RJ em Guerra: O que a megaoperação matou — e por que o problema permanece

 A Falência do Modelo de Poder


Imagem de Agência Brasil - EBC

Mais uma vez, o céu do Rio de Janeiro rasgou-se com o som de helicópteros blindados e o barulho seco dos tiros de fuzil. A megaoperação de 28 de outubro de 2025 nas favelas do Complexo do Alemão e da Penha foi vendida como a resposta definitiva do Estado ao “caos armado” e à expansão do Comando Vermelho (CV). O saldo, segundo balanços oficiais, até o momento dessa postagem, foi de 64 mortos — 60 suspeitos e 4 policiais —, tornando-a a ação mais letal da história do estado, superando em mais que o dobro o massacre do Jacarezinho de 2021.
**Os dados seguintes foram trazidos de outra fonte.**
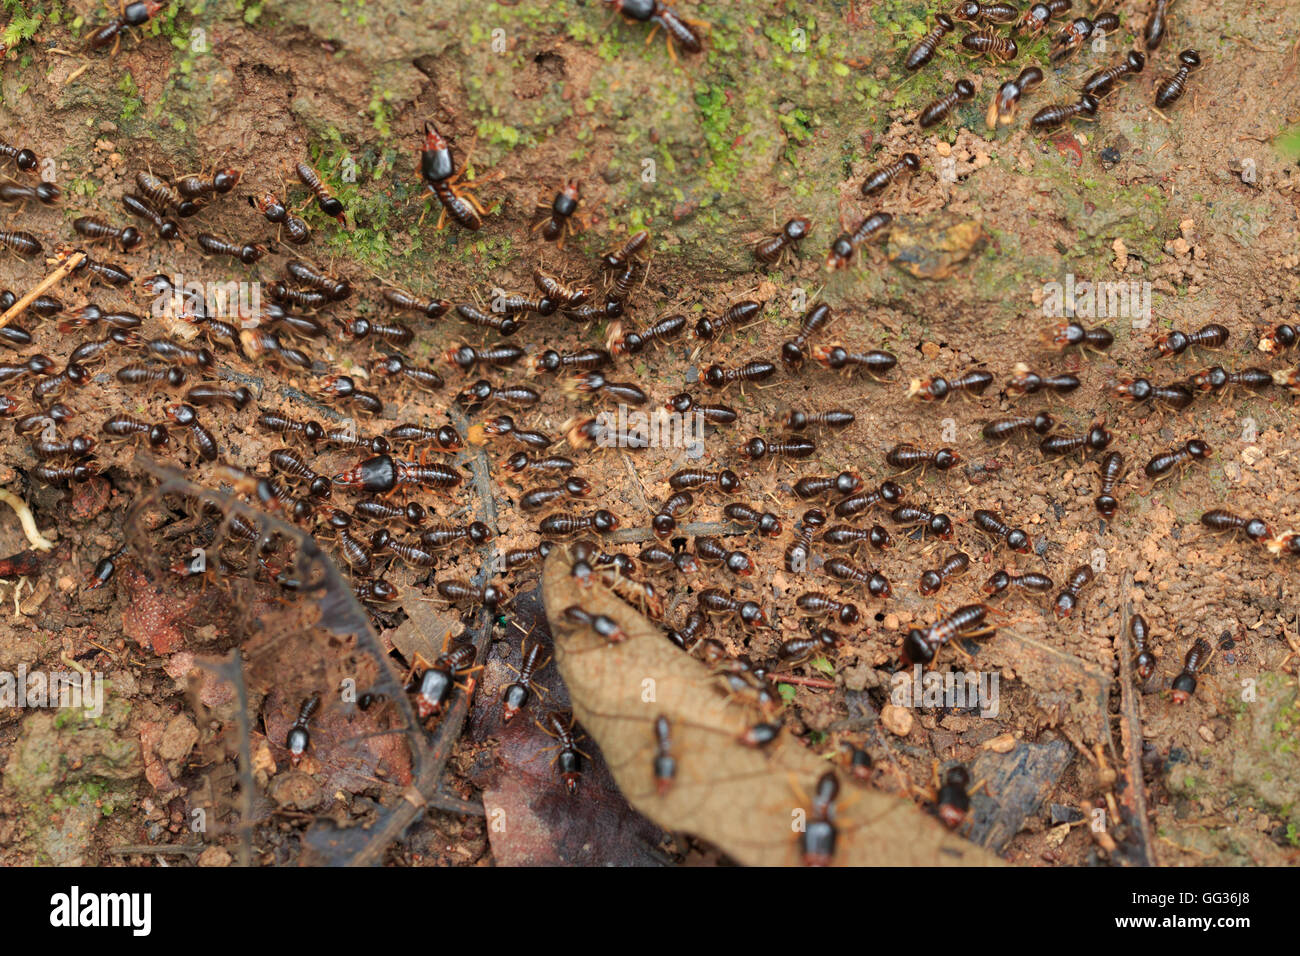 Motion de termites travailleur sur le sol de la forêt dans la région de Saraburi Thaïlande. Shallow DOF Banque D'Images

Bairros inteiros ficaram paralisados, com 150 escolas fechadas, atendimento médico suspenso e o terror imposto sobre moradorxs. A tese desta reportagem é brutal e inequívoca: Não é guerra — é a falência do modelo de poder. O “caos armado” não é um acidente; é o resultado previsível da confluência entre violência organizada, interesses imobiliários e econômicos, e uma política de segurança que prefere o espetáculo militarizado à estratégia social e de inteligência. A megaoperação mais letal da história recente não desarmou o crime; ela apenas reproduziu a tragédia.

 A Semente da Dupla Violência

Imagem de Agência Brasil - EBC


Para entender o banho de sangue de 2025, é preciso voltar no tempo. A violência do Rio nunca foi um monólito. A partir dos anos 1980, enquanto o Comando Vermelho consolidava o tráfico, outro ator, mais sofisticado e com tentáculos no Estado, emergia: as milícias.

Nascidas sob o discurso falacioso de "autodefesa" e formadas por ex-agentes de segurança pública (policiais, bombeiros), as milícias se transformaram rapidamente em máfias. Sua diferença crucial é que elas não vivem apenas do tráfico de drogas, mas de uma sofisticada economia paralela que toca em todos os aspectos da vida periférica: extorsão, venda de gás, TV a cabo clandestina ("gatonet"), transporte alternativo e, o mais perigoso, o controle do mercado imobiliário ilegal.

Conforme apontam os estudos da Fundação Heinrich Böll e do GENI/UFF, o crime organizado no Rio tem, há décadas, um pé no fuzil e outro na máquina pública. A milícia representa o casamento perverso entre o controle territorial e a legitimidade institucional, sendo a principal responsável pela grilagem de terras e a construção ilegal em áreas de moradia de baixa renda.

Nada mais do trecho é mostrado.